Quantcast
Channel: CSDN博客推荐文章
Viewing all articles
Browse latest Browse all 35570

LINUX AWK TUTORIALS : A PERFECT ONE

$
0
0


awk Command

Purpose

       Finds lines in files that match a pattern and performs specified actions on those lines.

Syntax

       awk [ -u  ] [ -F Ere ] [ -v Assignment ] ... { -f ProgramFile | 'Program' } [ [ File ... | Assignment ... ] ]
       ...

Description

       The awk command utilizes a set of user-supplied instructions to compare a set of files, one line at a time, to
       extended regular expressions supplied by the user. Then actions are performed upon any line that matches the
       extended regular expressions.

       The pattern searching of the awk command is more general than that of the grep command, and it allows the user
       to perform multiple actions on input text lines. The awk command programming language requires no compiling, and
       allows the user to use variables, numeric functions, string functions, and logical operators.

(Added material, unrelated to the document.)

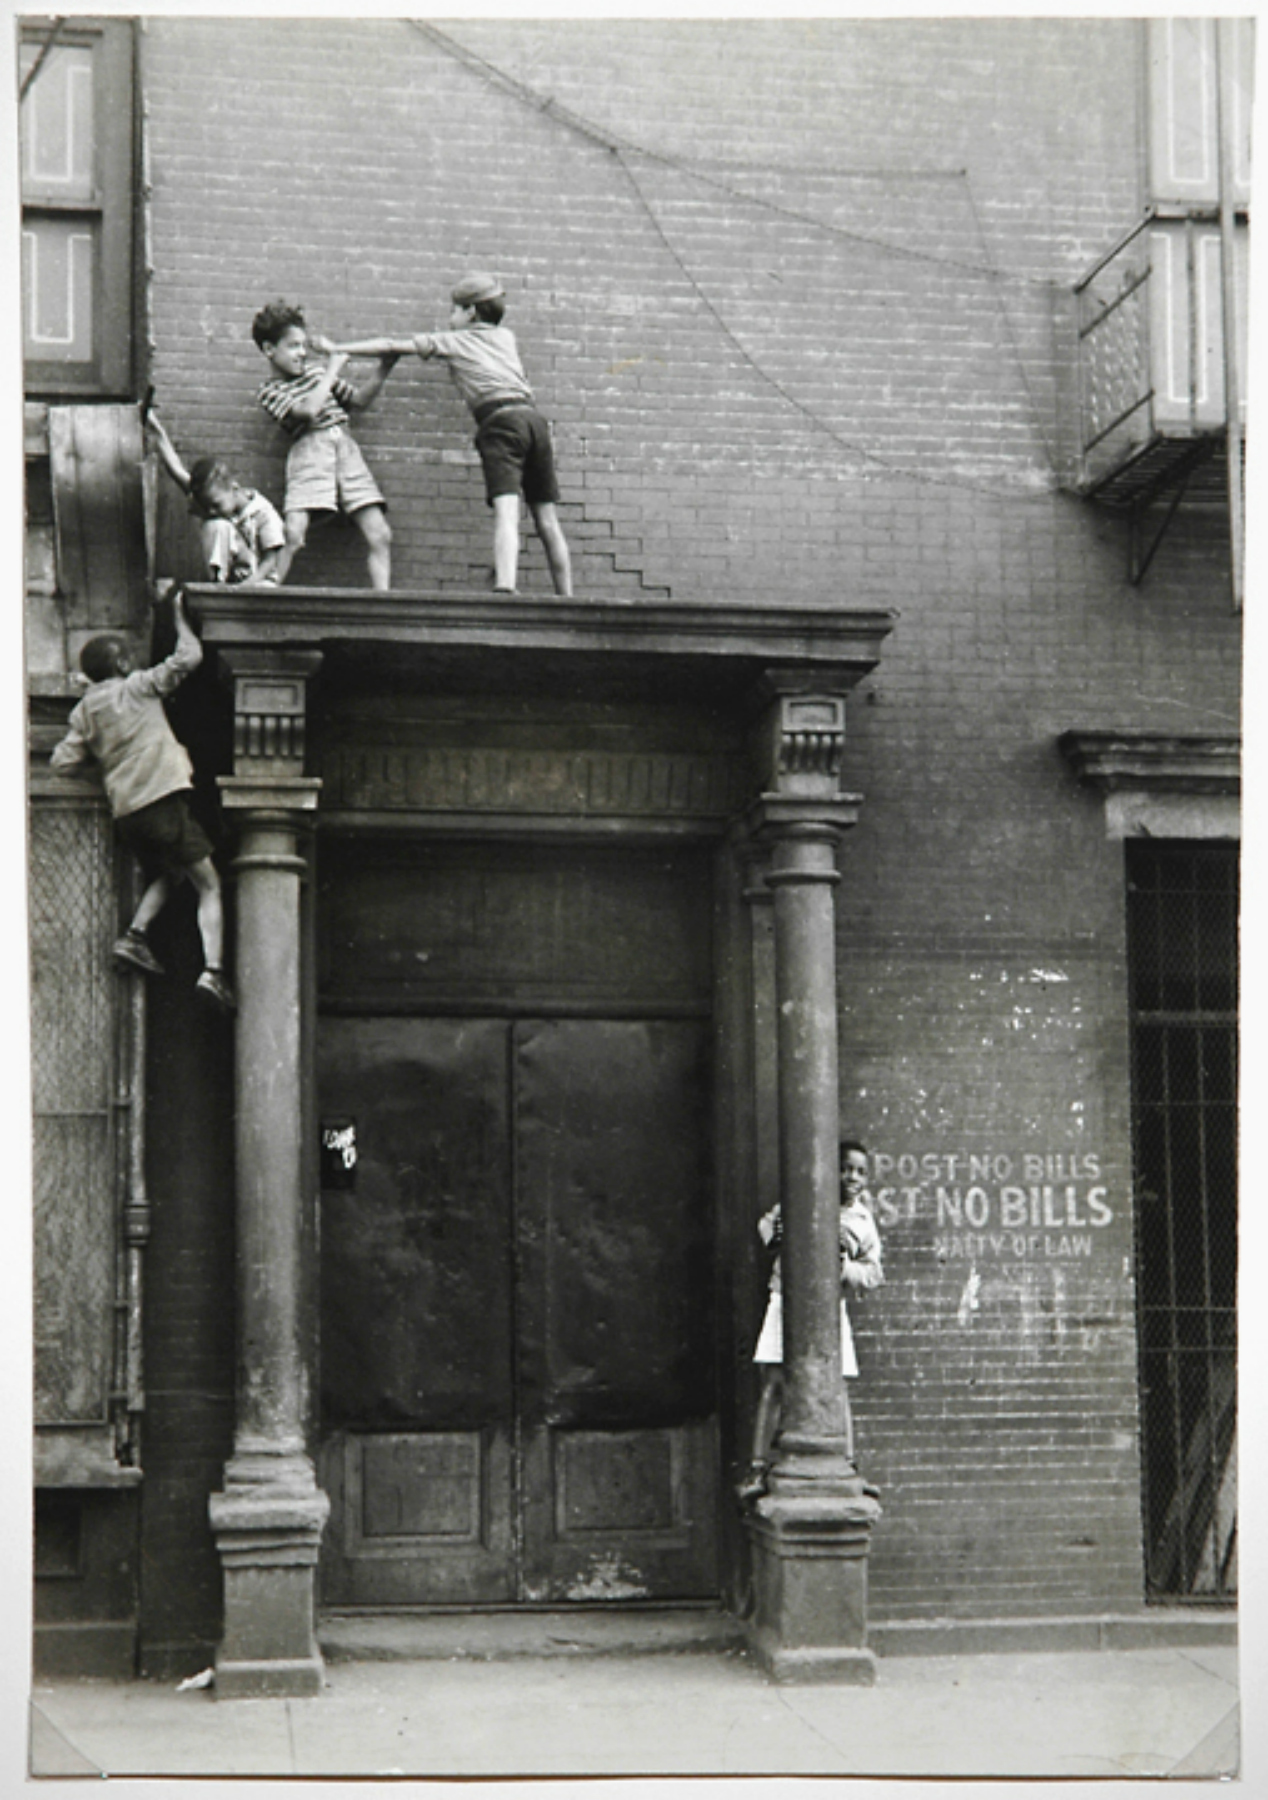 CHILD'S PLAY...Helen Levitt captures kids climbing on to a doorway

       The awk command is affected by the LANG, LC_ALL, LC_COLLATE, LC_CTYPE, LC_MESSAGES, LC_NUMERIC, NLSPATH, and
       PATH environment variables.

       The following topics are covered in this article:
       *    Input for the awk Command
       *    Output for the awk Command
       *    File Processing with Records and Fields
       *    The awk Command Programming Language
              *    Patterns
              *    Actions
              *    Variables
              *    Special Variables
       *    Flags
       *    Examples

Input for the awk Command

       The awk command takes two types of input: input text files and program instructions.

Input Text Files

       Searching and actions are performed on input text files. The files are specified by:
       *    Specifying the File variable on the command line.
       *    Modifying the special variables ARGV and ARGC.
       *    Providing standard input in the absence of the File variable.

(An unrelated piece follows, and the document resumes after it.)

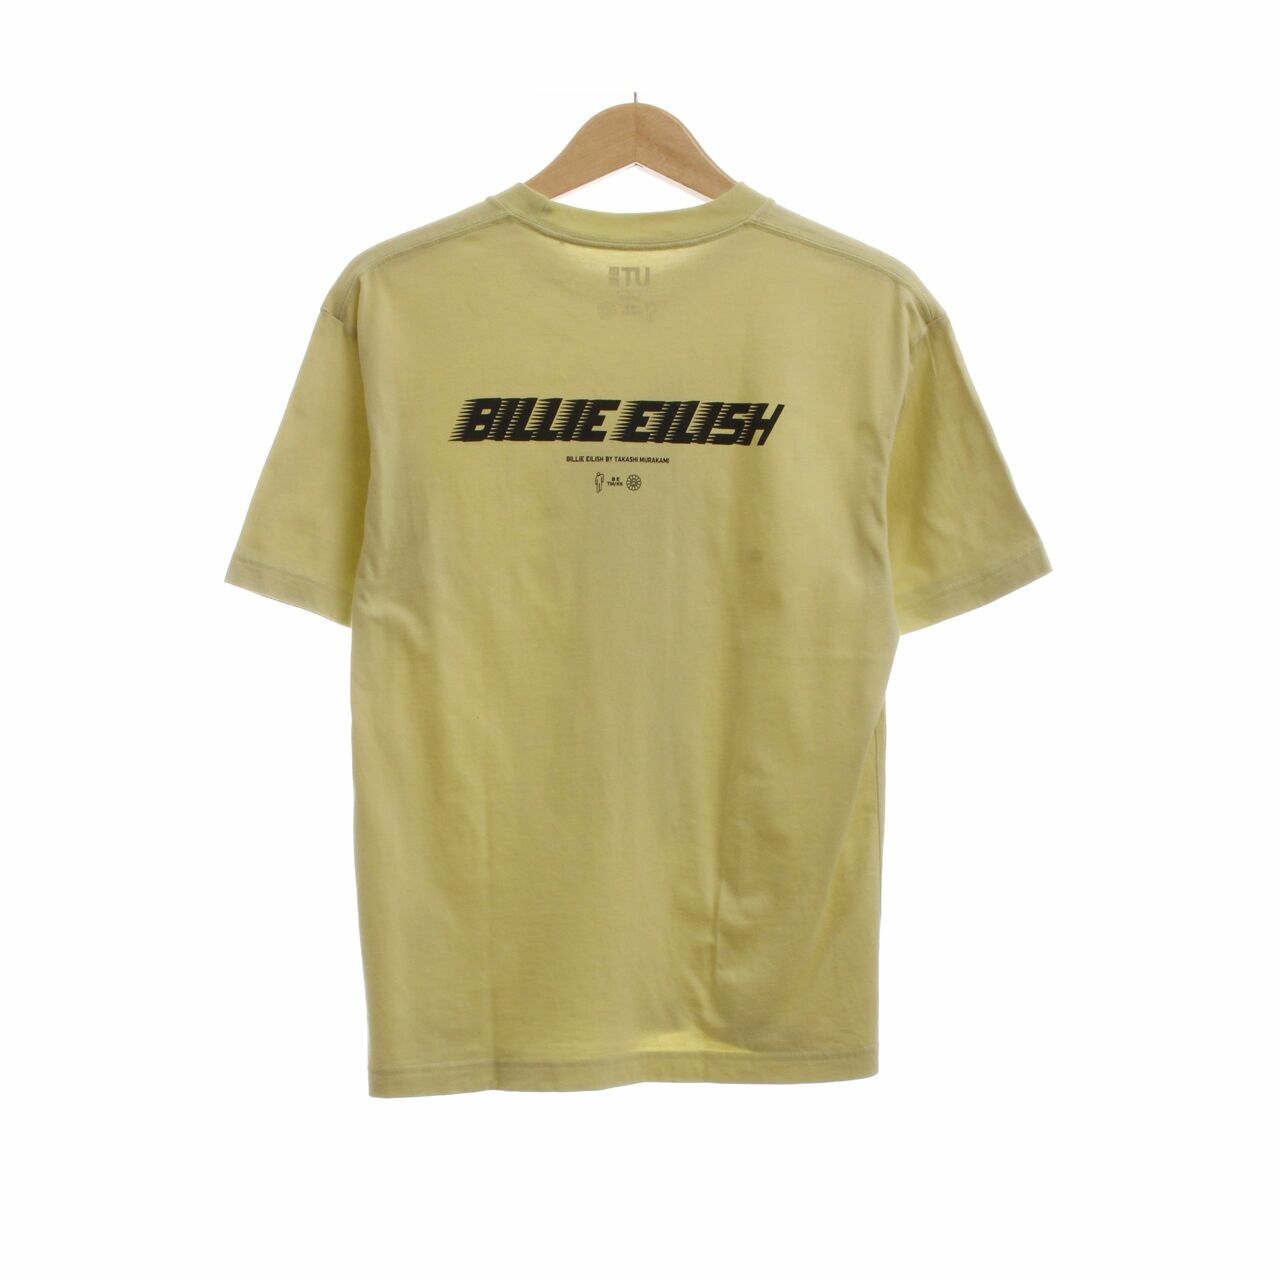 UNIQLO x Billie Eilish By Takashi Murakami Yellow T-Shirt

       If multiple files are specified with the File variable, the files are processed in the order specified.

Program Instructions

       Instructions provided by the user control the actions of the awk command. These instructions come from either
       the `Program' variable on the command line or from a file specified by the -f flag together with the ProgramFile
       variable. If multiple program files are specified, the files are concatenated in the order specified and the
       resultant order of instructions is used.

Output for the awk Command

       The awk command produces three types of output from the data within the input text file:

       *    Selected data can be printed to standard output, without alteration to the input file.
       *    Selected portions of the input file can be altered.
       *    Selected data can be altered and printed to standard output, with or without altering the contents of the
            input file.

       All of these types of output can be performed on the same file. The programming language recognized by the awk
       command allows the user to redirect output.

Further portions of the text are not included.